AWS ECS 503 Service Temporarily Unavailable while

2019-03-25 01:14发布

问题:

I am using Amazon Web Services EC2 Container Service with an Application Load Balancer for my app. When I deploy a new version, I get 503 Service Temporarily Unavailable for about 2 minutes. It is a bit more than the startup time of my application. This means that I cannot do a zero-downtime deployment now.

Is there a setting to not use the new tasks while they are starting up? Or what am I missing here?

UPDATE:

The health check numbers for the target group of the ALB are the following:

Healthy threshold:     5
Unhealthy threshold:   2
Timeout:               5 seconds
Interval:              30 seconds
Success codes:         200 OK

Healthy threshold is 'The number of consecutive health checks successes required before considering an unhealthy target healthy'
Unhealthy threshold is 'The number of consecutive health check failures required before considering a target unhealthy.'
Timeout is 'The amount of time, in seconds, during which no response means a failed health check.'
Interval is 'The approximate amount of time between health checks of an individual target'

UPDATE 2: So, my cluster consists of two EC2 instances, but can scale up if needed. The desired and minimum count is 2. I run one task per instance, because my app needs a specific port number. Before I deploy (jenkins runs an aws cli script) I set the number of instances to 4. Without this, AWS cannot deploy my new tasks (this is another issue to solve). Networking mode is bridge.

回答1:

So, the issue seems to lie in the port mappings of my container settings in the task definition. Before I was using 80 as host and 8080 as container port. I thought I need to use these, but the host port can be any value actually. If you set it to 0 then ECS will assign a port in the range of 32768-61000 and thus it is possible to add multiple tasks to one instance. In order for this to work, I also needed to change my security group letting traffic come from the ALB to the instances on these ports.
So, when ECS can run multiple tasks on the same instance, the 50/200 min/max healthy percent makes sense and it is possible to do a deploy of new task revision without the need of adding new instances. This also ensures the zero-downtime deployment.

Thank you for everybody who asked or commented!



回答2:

Since you are using AWS ECS may I ask what is the service's "minimum health percent" and "maximum health percent"

Make sure that you have "maximum health percent" of 200 and "minimum health percent" of 50 so that during deployment not all of your services go down.

Please find the documentation definition of these two terms:

Maximum percent provides an upper limit on the number of running tasks during a deployment enabling you to define the deployment batch size.

Minimum healthy percent provides a lower limit on the number of running tasks during a deployment enabling you to deploy without using additional cluster capacity.

A limit of 50 for "minimum health percent" will make sure that only half of your services container gets killed before deploying the new version of the container, i.e. if the desired task value of the service is "2" than at the time of deployment only "1" container with old version will get killed first and once the new version is deployed the second old container will get killed and a new version container deployed.
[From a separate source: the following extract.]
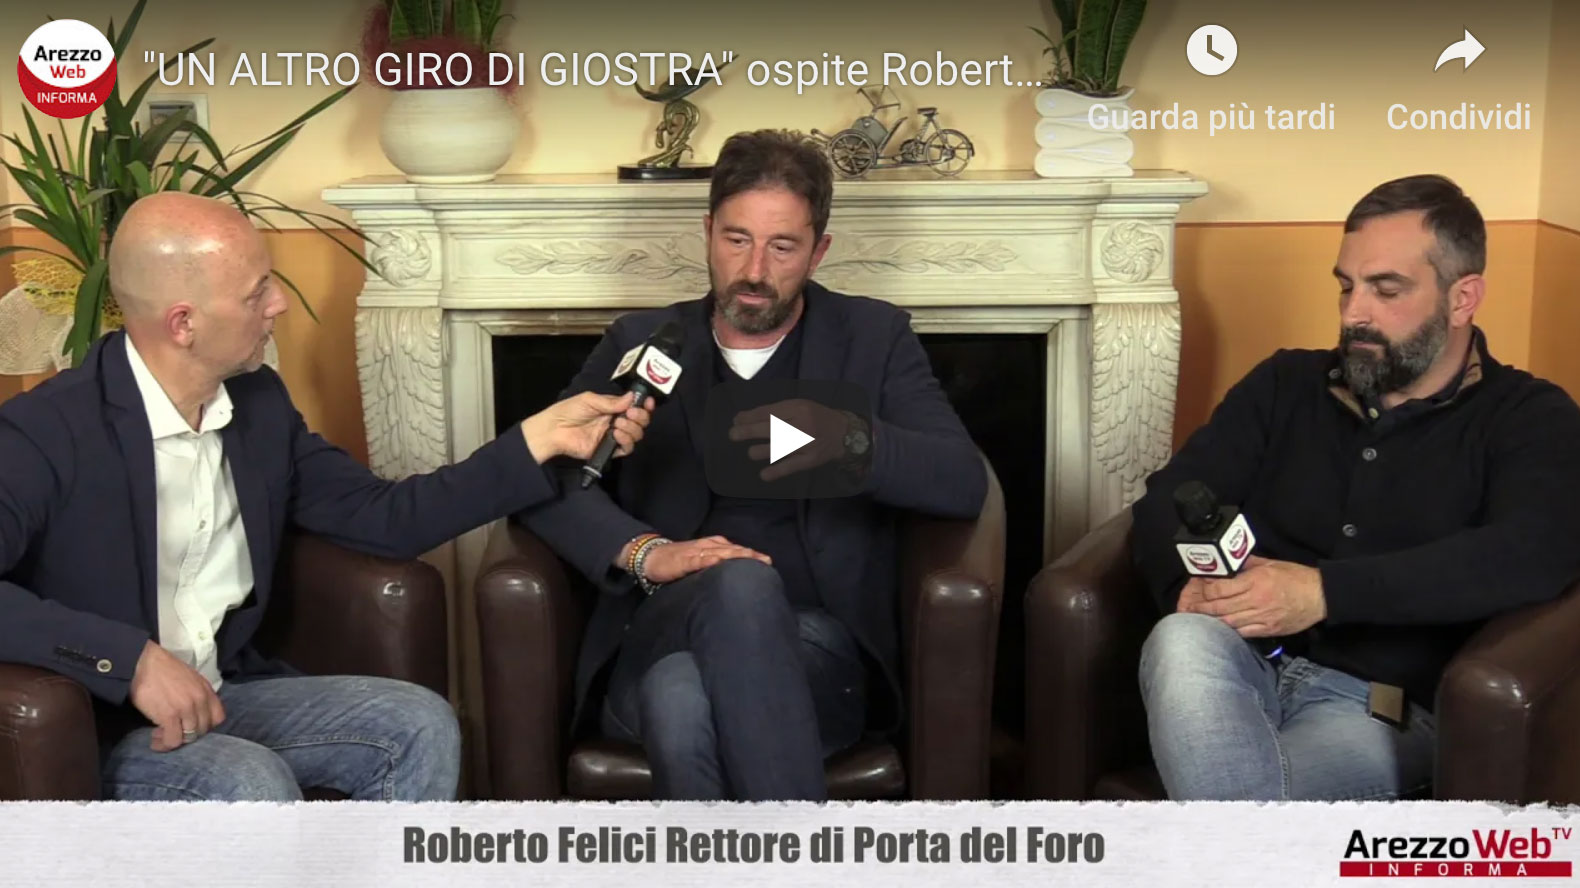 Roberto Felici Rettore di Porta del Foro ospite a “UN ALTRO GIRO DI GIOSTRA”

This will make sure that at any given time there are services handling the request.

Similarly a limit of 200 for "maximum health percent" tells the ecs-agent that at a given time during deployment the service's container can shoot up to a maximum of double of the desired task.

Please let me know in case of any further question.



回答3:

With your settings, you application start up should take more then 30 seconds in order to fail 2 health checks and be marked unhealthy (assuming first check immediately after your app went down). And it will take at least 2 minutes and up to 3 minutes then to be marked healthy again (first check immediately after your app came back online in the best case scenario or first check immediately before your app came back up in the worst case).

So, a quick and dirty fix is to increase Unhealthy threshold so that it won't be marked unhealthy during updates. And may be decrease Healthy threshold so that it is marked healthy again quicker.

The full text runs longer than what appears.